One-Line Summary: Agent memory architectures mirror cognitive science's division of memory into sensory (raw input buffering), working (active processing), and long-term (persistent storage), with each type serving a distinct purpose and implemented through different technical mechanisms.

Prerequisites: LLM context windows, embedding basics, vector databases

What Is Memory Architecture?

Consider how human memory works when you cook a complex recipe. Your sensory memory captures the immediate input: the sound of oil sizzling, the smell of garlic. Your working memory holds the active information: "I'm on step 4, the sauce needs to simmer for 10 more minutes, and I still need to prepare the salad." Your long-term memory provides background knowledge: how to julienne vegetables, that saffron pairs well with seafood, and that last time you made this dish you used too much salt. These three systems work together seamlessly, but they have fundamentally different capacities, durations, and access patterns.

Agent memory architecture showing sensory memory, short-term memory, and long-term memory components Source: Lilian Weng, "LLM Powered Autonomous Agents" (2023) — Memory architecture for agents mirrors cognitive science: sensory, short-term (working), and long-term memory each serve distinct roles.

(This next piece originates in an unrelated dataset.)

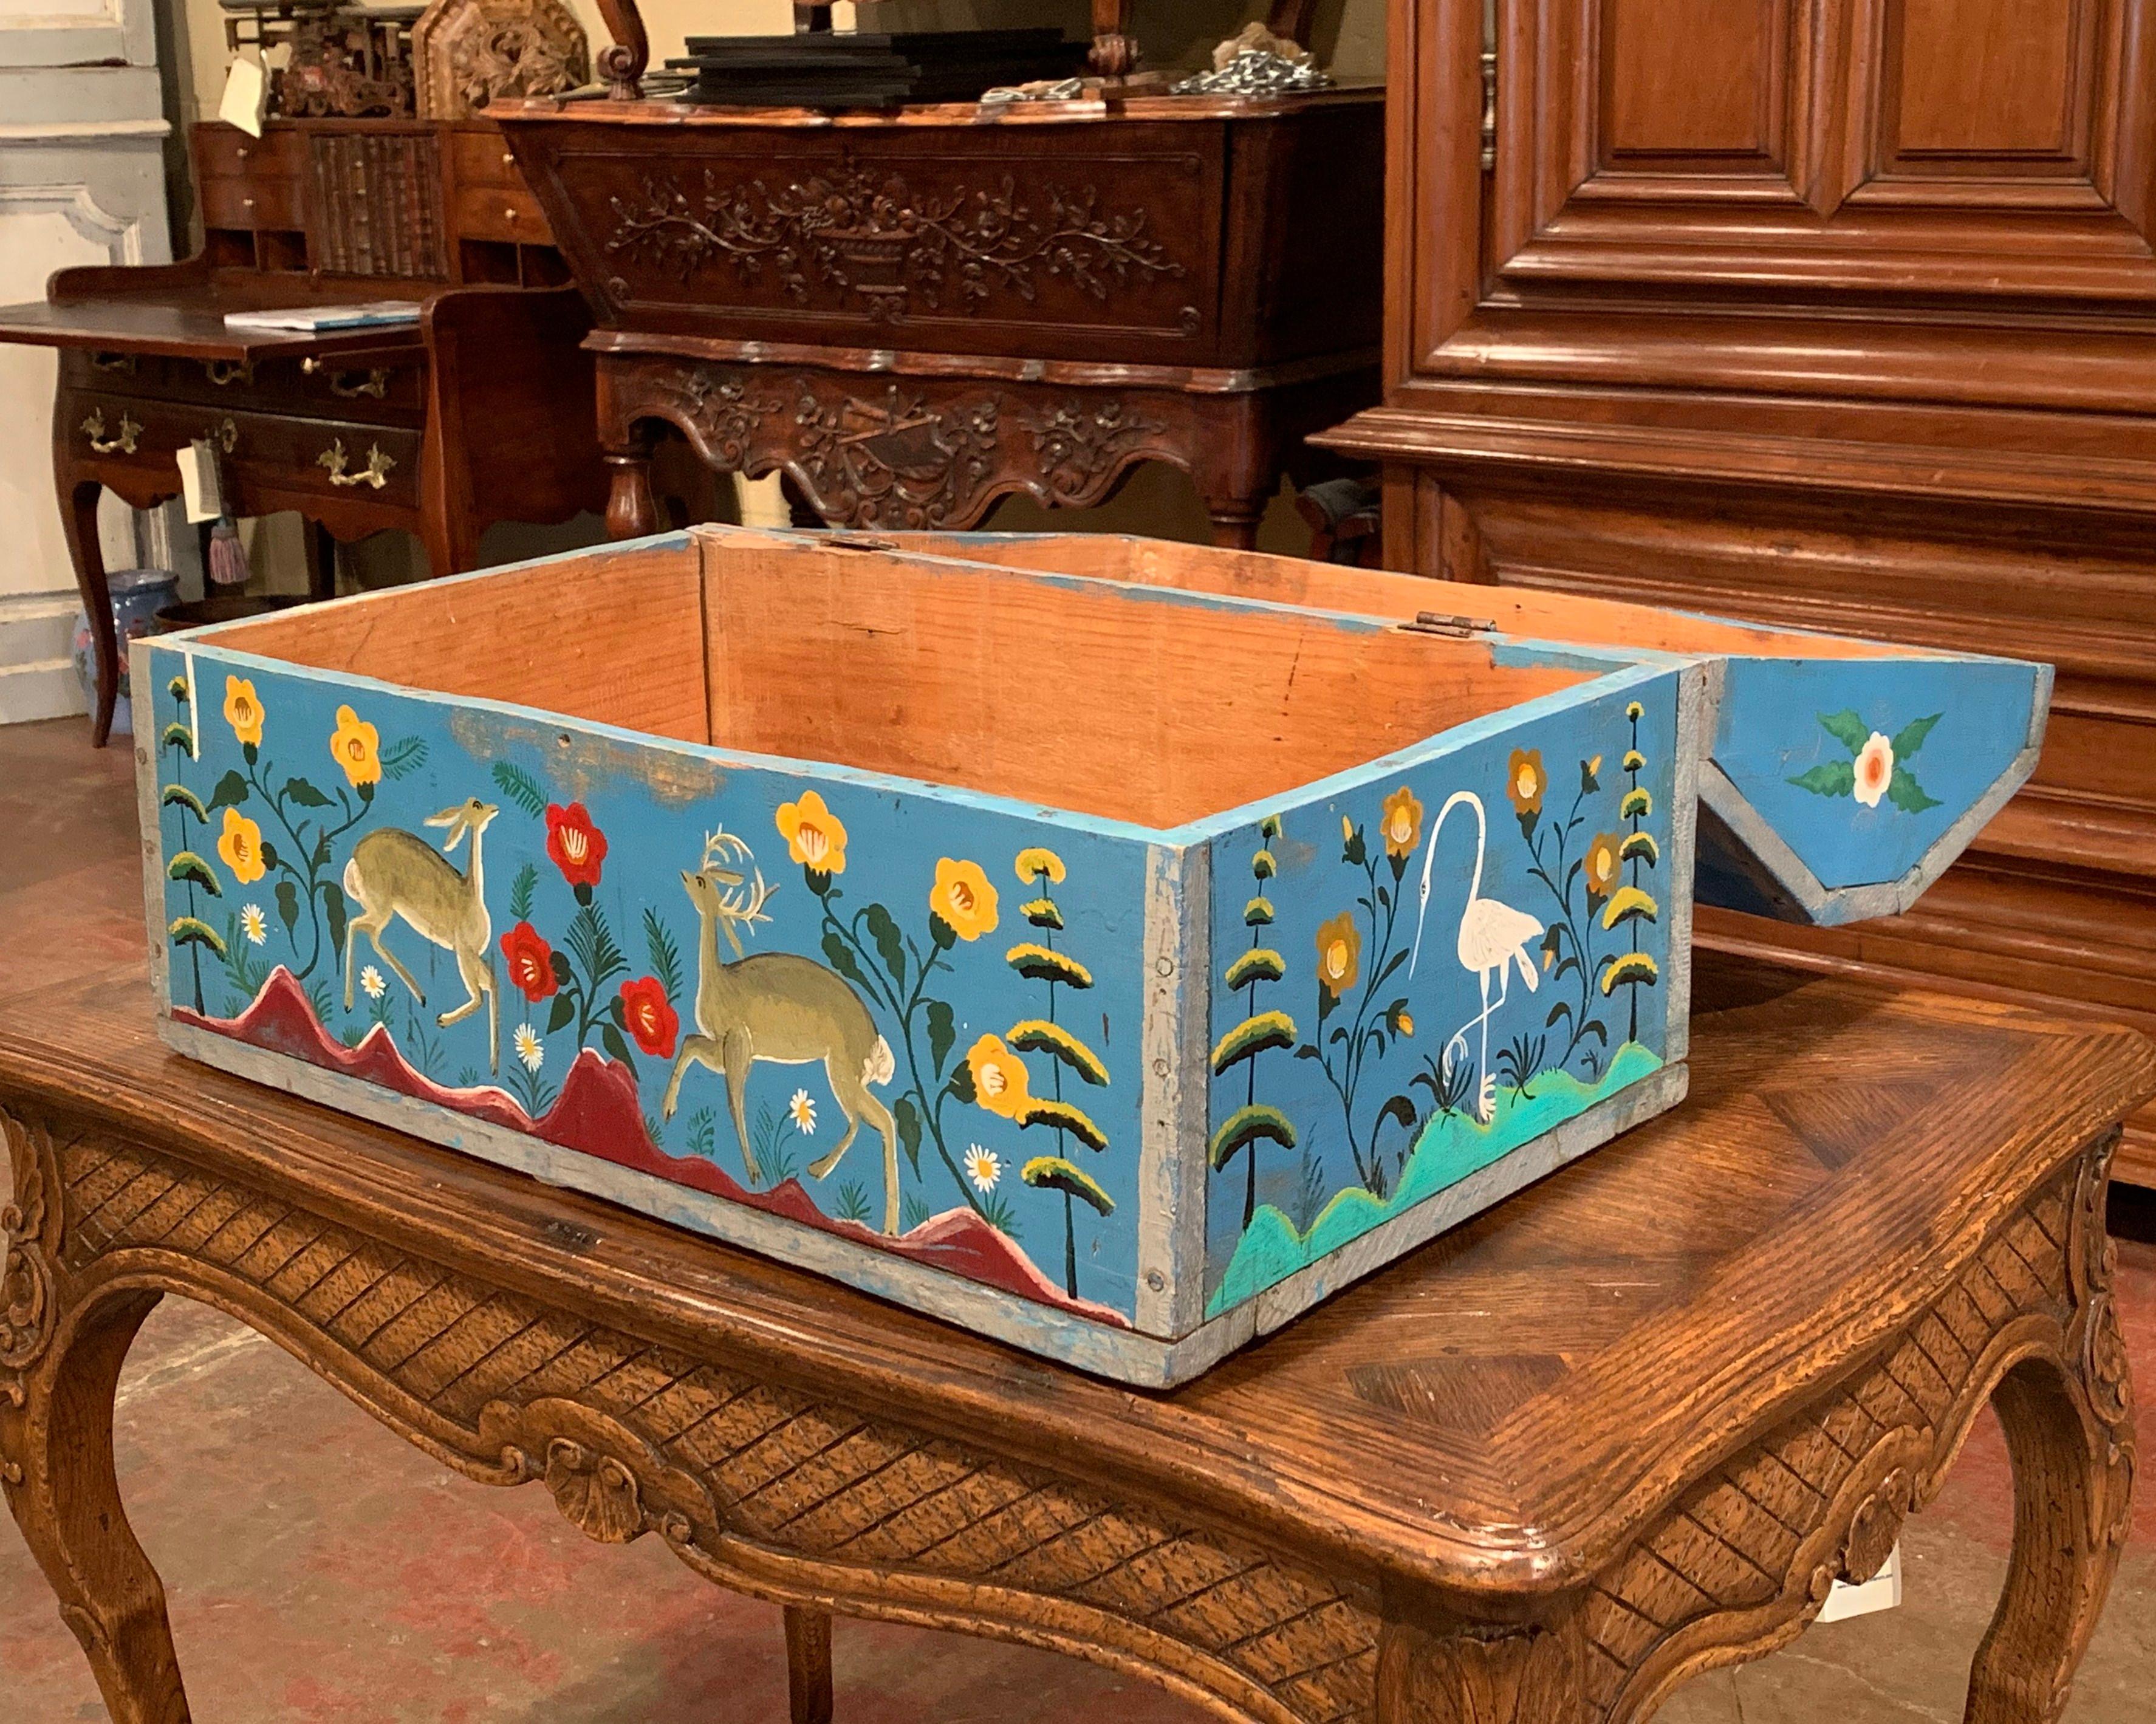 Oak 19th Century French Hand Painted Trunk with Rabbit and Deer Motifs from Normandy

AI agent memory architecture applies this same tripartite structure to organize how agents store, retrieve, and use information. Sensory memory corresponds to the raw input the agent receives (the full API response, the complete file contents, the user's unprocessed message). Working memory corresponds to the agent's active context: what it is currently reasoning about, the plan it is executing, the intermediate results of the current task. Long-term memory corresponds to persistent stores that survive beyond the current conversation: vector databases, knowledge graphs, user preference files, and accumulated experiences.

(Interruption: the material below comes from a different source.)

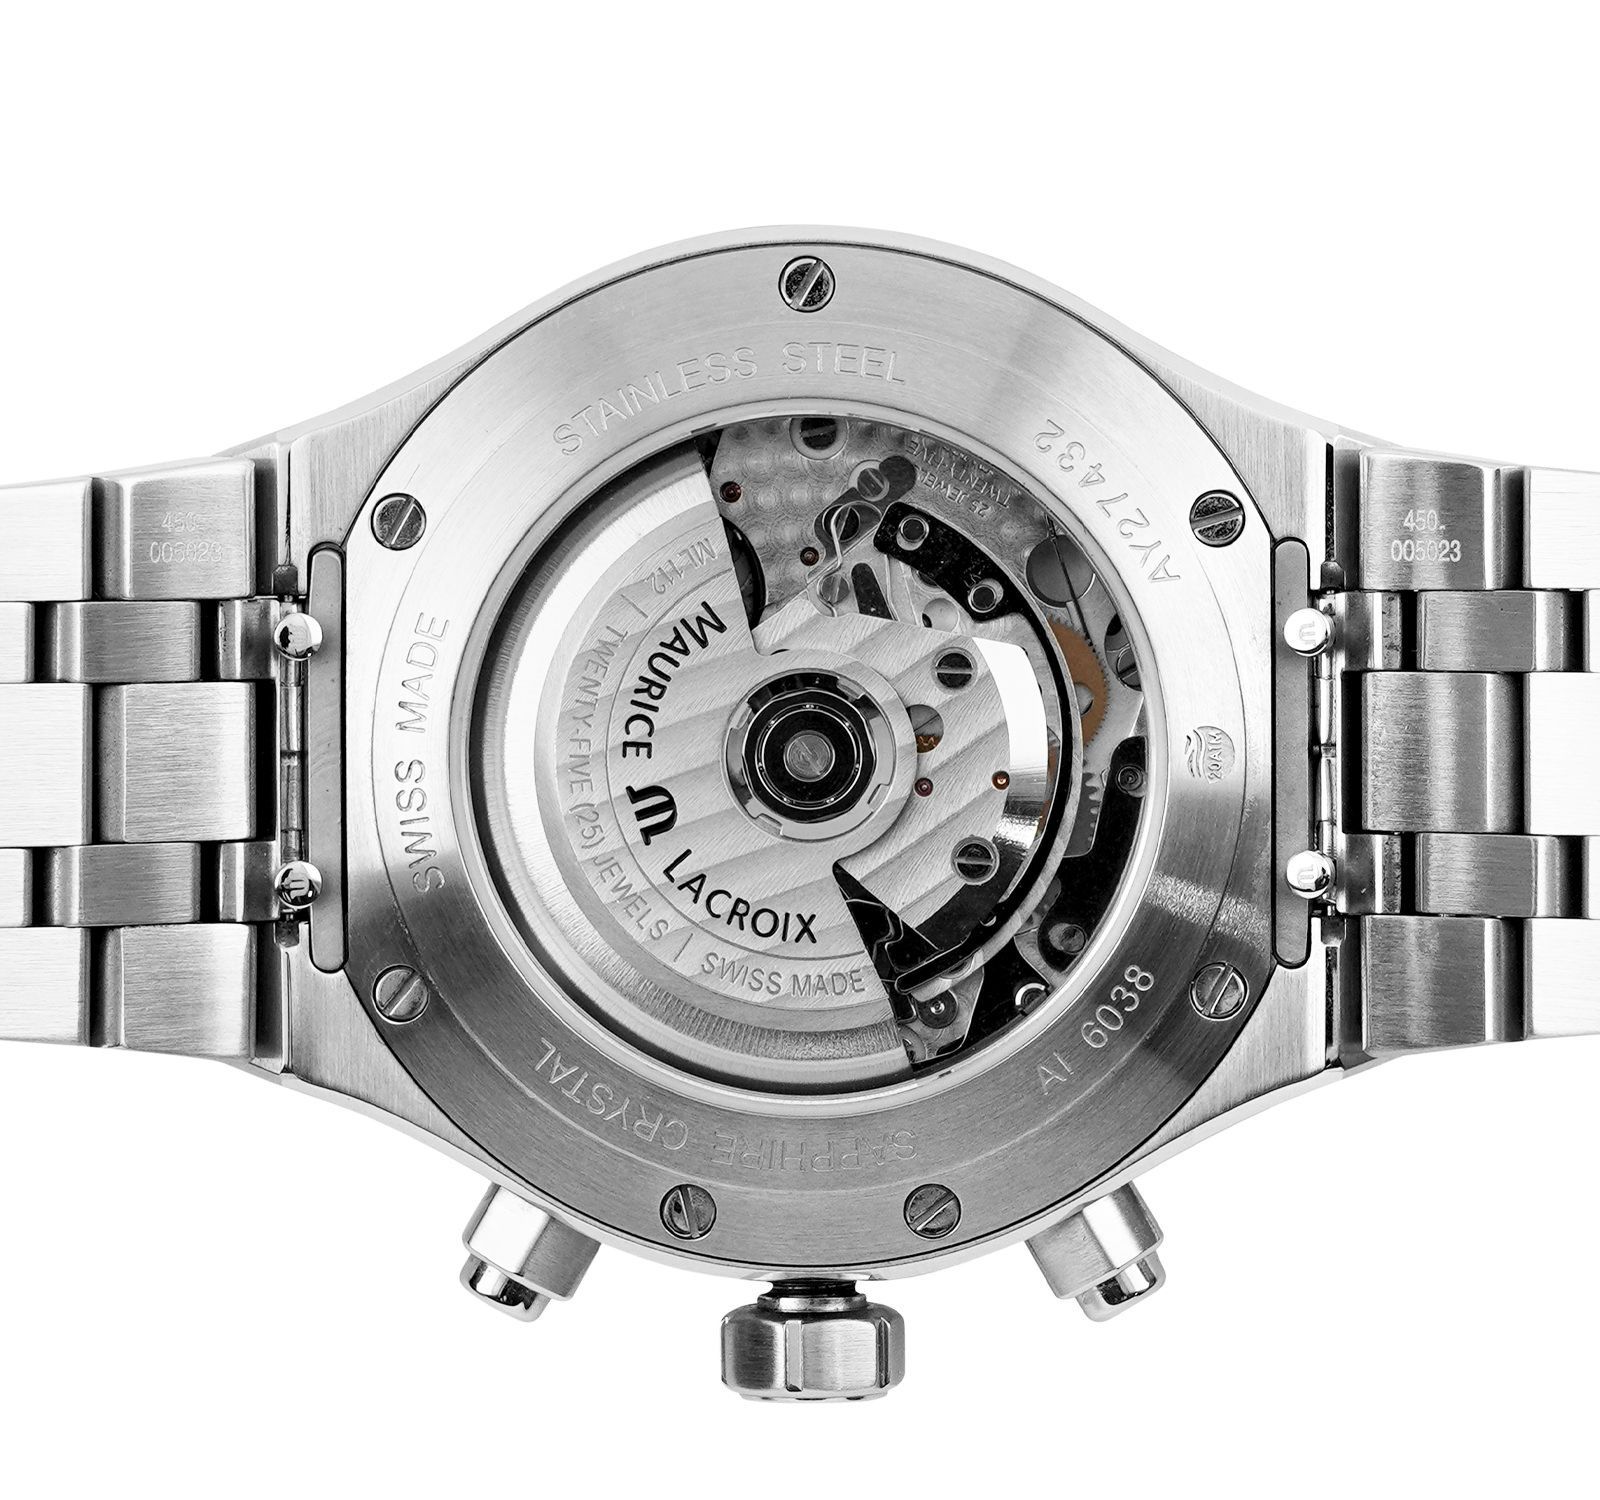 Maurice Lacroix Watches

The architecture matters because each type of memory faces different constraints and requires different solutions. Sensory memory is large but ephemeral. Working memory is small but immediately accessible. Long-term memory is vast but requires explicit retrieval. A well-designed memory architecture manages the flow of information between these layers, ensuring the agent has the right information at the right time without overwhelming its limited working memory.

How It Works

Sensory Memory: Raw Input Processing

In cognitive science, sensory memory holds unprocessed perceptual input for a very brief period (milliseconds to seconds). For agents, the analog is the raw data that arrives from the environment before any processing:

The full text of a web page before extraction
The complete API response including headers, metadata, and body
The entire file contents before the agent selects relevant sections
The user's raw message before intent classification

Sensory memory is large (potentially megabytes) but short-lived. The agent processes it immediately, extracts what is relevant, and discards the rest. In practice, this is often handled implicitly by the framework: the tool returns a response, the agent processes it, and only the processed summary enters working memory.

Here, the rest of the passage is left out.